Today will be a personal post.
I have a difficult experience in terms of finding a job in Israel, I moved three years ago. Since I decided to transition from graphic design to UX/UI design, my attempts to find a job in this field can be clearly divided into stages: there was always something missing (experience, projects in my portfolio, real-world projects, etc.).
At first, it was the lack of real projects: during one of the interviews, I was asked the question, “This is all great, but do you have any real projects?” Several months later, I completed a website called “Techno-sk” from scratch.
Unfortunately, the next day, my phone wasn’t buzzing with job offers. Despite that, I continued studying UX, improving my typography skills, reading books, and articles.

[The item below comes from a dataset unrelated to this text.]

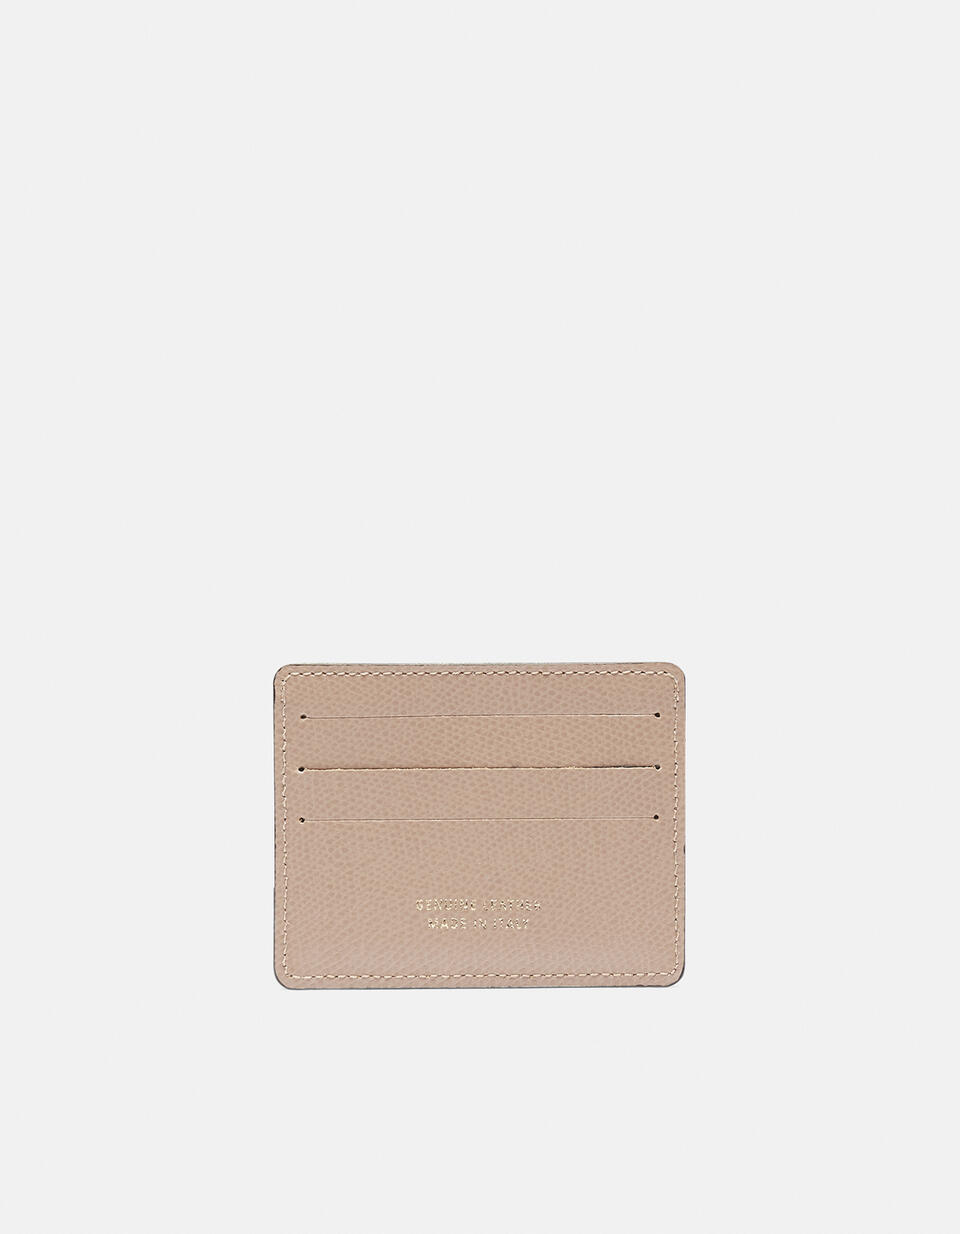 Bella credit car holder with space for banknotes - Card Holders - Women's Wallets | Wallets LIGHT PINK - Card Holders - Women's Wallets | WalletsCuoieria Fiorentina

I will not stretch this introduction block into a large amount of text. I will say this, each stage was a new challenge for me:
- If I lacked work in the portfolio for UI/UX, then I sat down in the evenings and did them.
- If I need to know what the work of a UX Designer consists of – I looked for a mentor and asked him questions
Each challenge gave me important experience. And even though I am still looking for a team, the mind set that I already have will help me a lot in the future.
Portfolio
My latest work in the portfolio SoundSeeker taught me as a UX Designer to ask questions. After publishing the project on Behance, I needed to decide: make another similar massive case or something else? To complete such projects, you need a lot of free time, which I don’t have much of.
The decision was helped by a conversation with my mentor Maria Mukha. She suggested that it is not necessary to make voluminous projects in the portfolio, you can show some part or, for example, redesign some screen with a description of your thoughts. It became a little easier for me from this.
Decision
Choosing my future portfolio work was influenced by a series of events, or rather, a group of events.
- Maria’s advice that it’s not necessary to create a large-scale project.
- The UX Research podcast I recently wrote a post about.
- In one of the interviews or podcasts, I heard a phrase from a Lead UX Designer: “If a person knows how to conduct research, it’s an immediate +30% chance of being hired.”
And I realized that I want my next work in the portfolio to be not design of some mobile application or website, but UX Research. Real UX Research, with interviews, with surveys, with real people!
UX Research Topic
I’ll let you in on a secret — I’ve already chosen the topic of UX research and even made preliminary notes in Notion. Topic: task management app for people with ADHD. I know how hard it is for them to be organized, productive and stay focused on tasks.
At the moment, I am studying the “math part” and preparing the RIGHT questions for the interview.